The paper tackles the problem of few-shot class-incremental learning (FSCIL) by calibrating higher-order feature statistics from pre-trained Vision Transformers to improve classification of new classes with only 5 samples, achieving significant improvements on several benchmarks.

Few-shot class-incremental learning (FSCIL) aims to adapt the model to new classes from very few data (5 samples) without forgetting the previously learned classes. Recent works in many-shot CIL (MSCIL) (using all available training data) exploited pre-trained models to reduce forgetting and achieve better plasticity. In a similar fashion, we use ViT models pre-trained on large-scale datasets for few-shot settings, which face the critical issue of low plasticity.
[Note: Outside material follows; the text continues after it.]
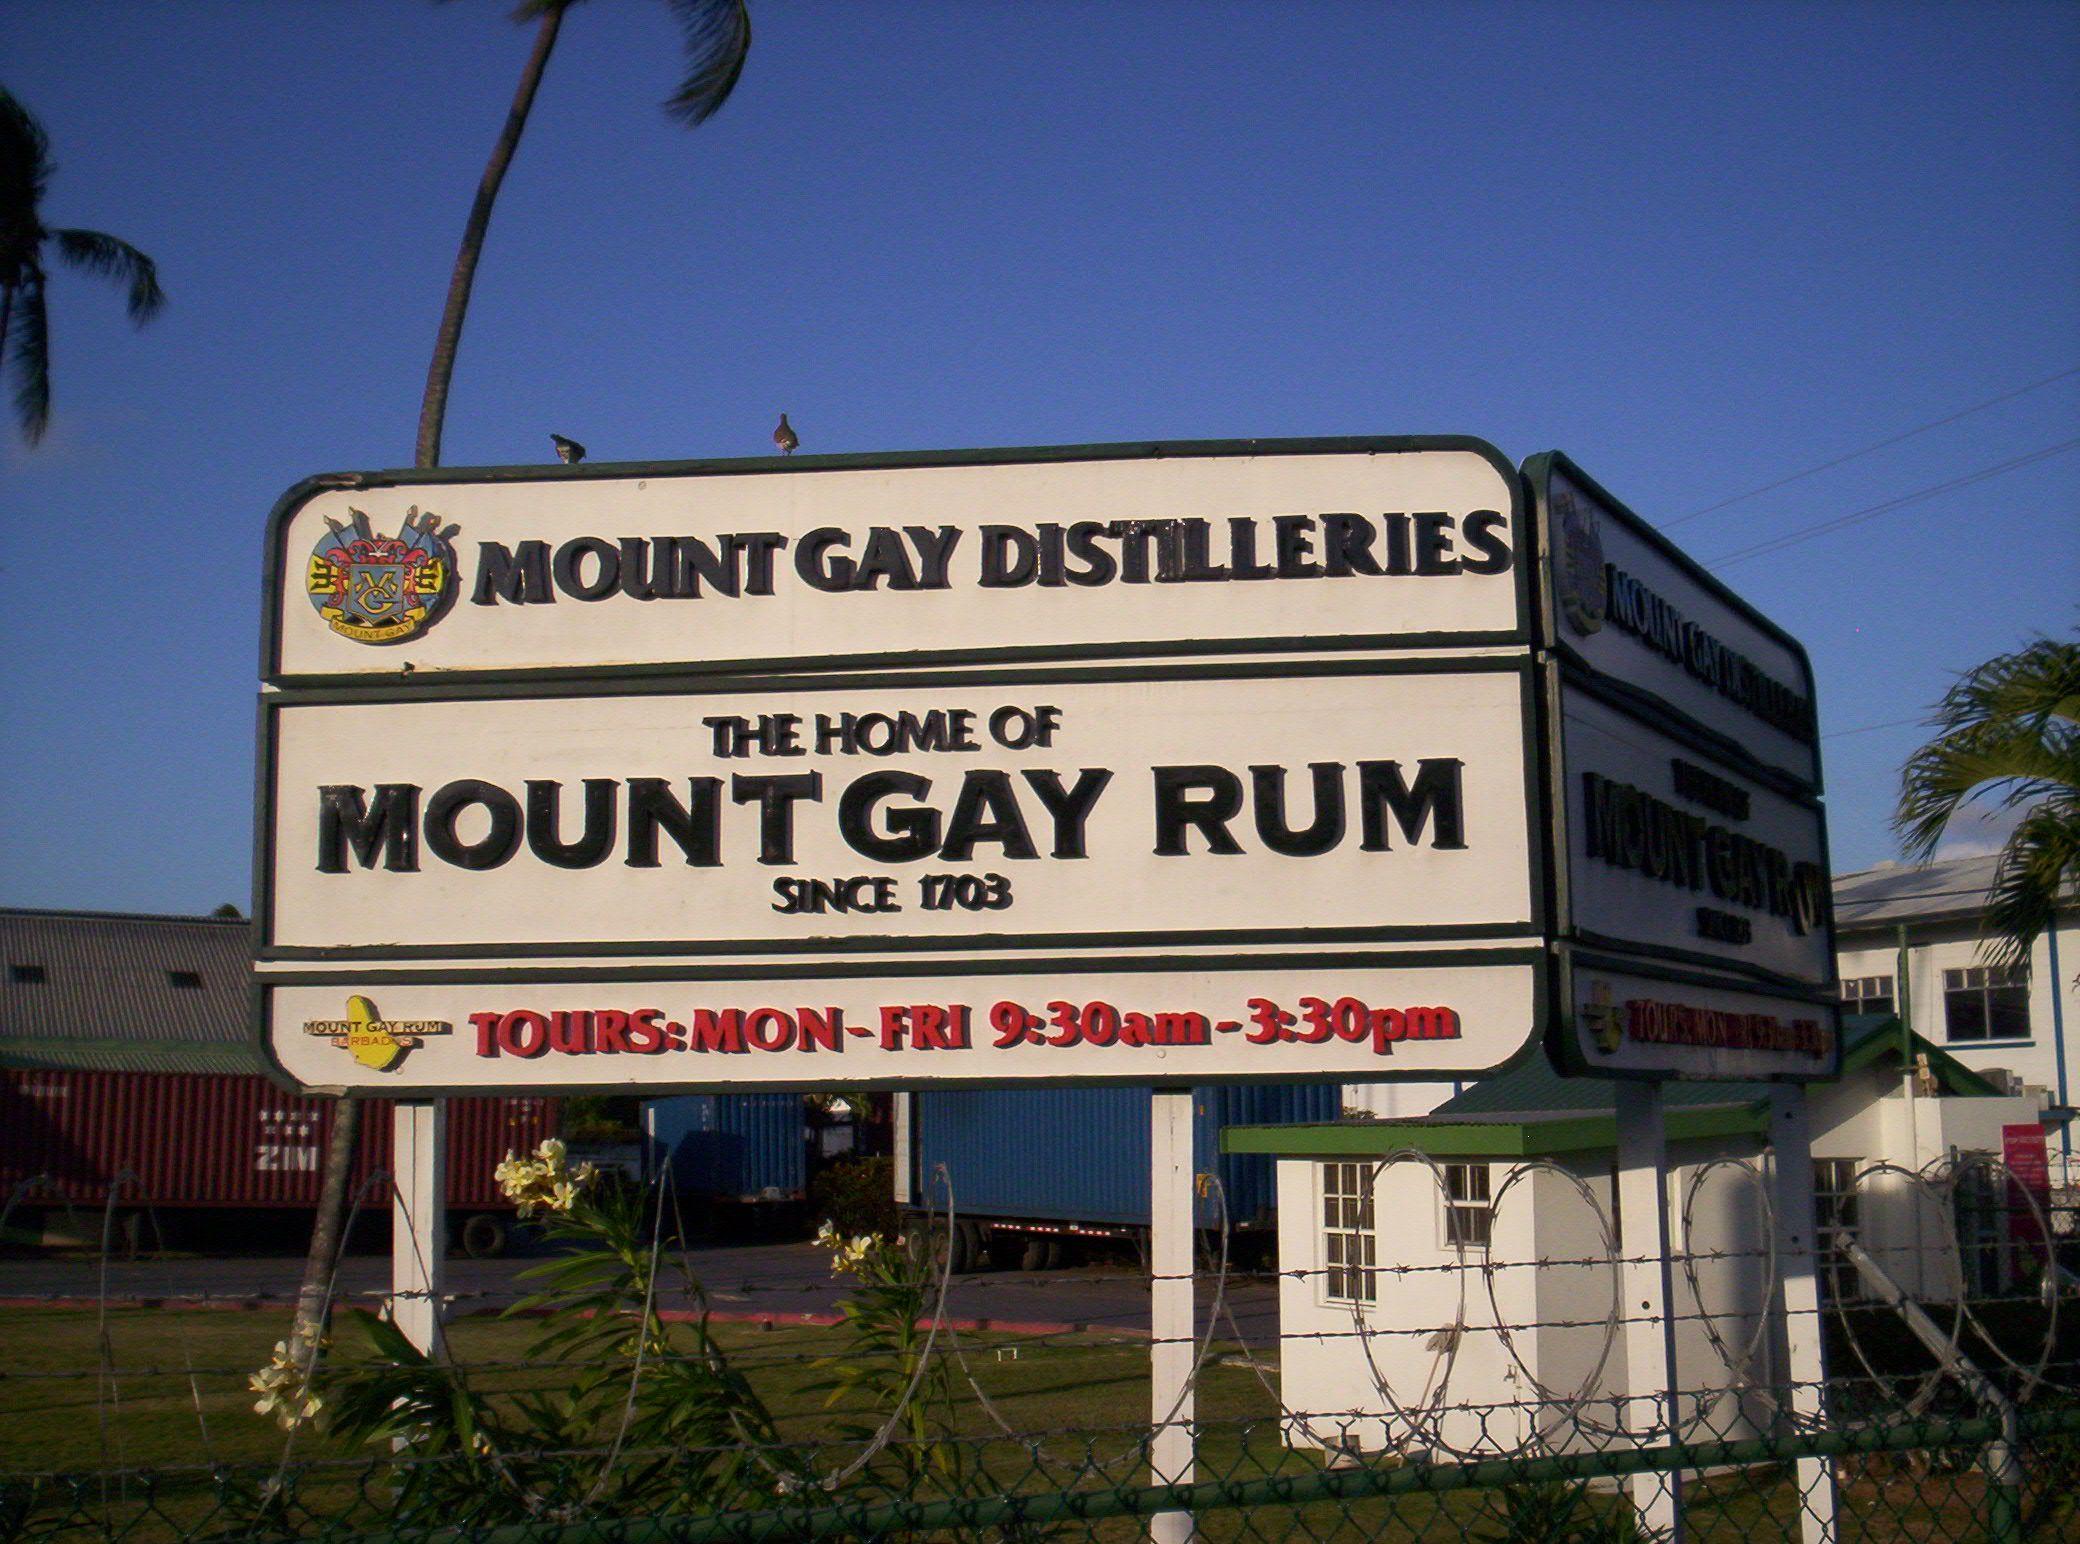 Mount Gay Distilleries

FSCIL methods start with a many-shot first task to learn a very good feature extractor and then move to the few-shot setting from the second task onwards. While the focus of most recent studies is on how to learn the many-shot first task so that the model generalizes to all future few-shot tasks, we explore in this work how to better model the few-shot data using pre-trained models, irrespective of how the first task is trained. Inspired by recent works in MSCIL, we explore how using higher-order feature statistics can influence the classification of few-shot classes. We identify the main challenge of obtaining a good covariance matrix from few-shot data and propose to calibrate the covariance matrix for new classes based on semantic similarity to the many-shot base classes. Using the calibrated feature statistics in combination with existing methods significantly improves few-shot continual classification on several FSCIL benchmarks. Code is available at https://github.com/dipamgoswami/FSCIL-Calibration.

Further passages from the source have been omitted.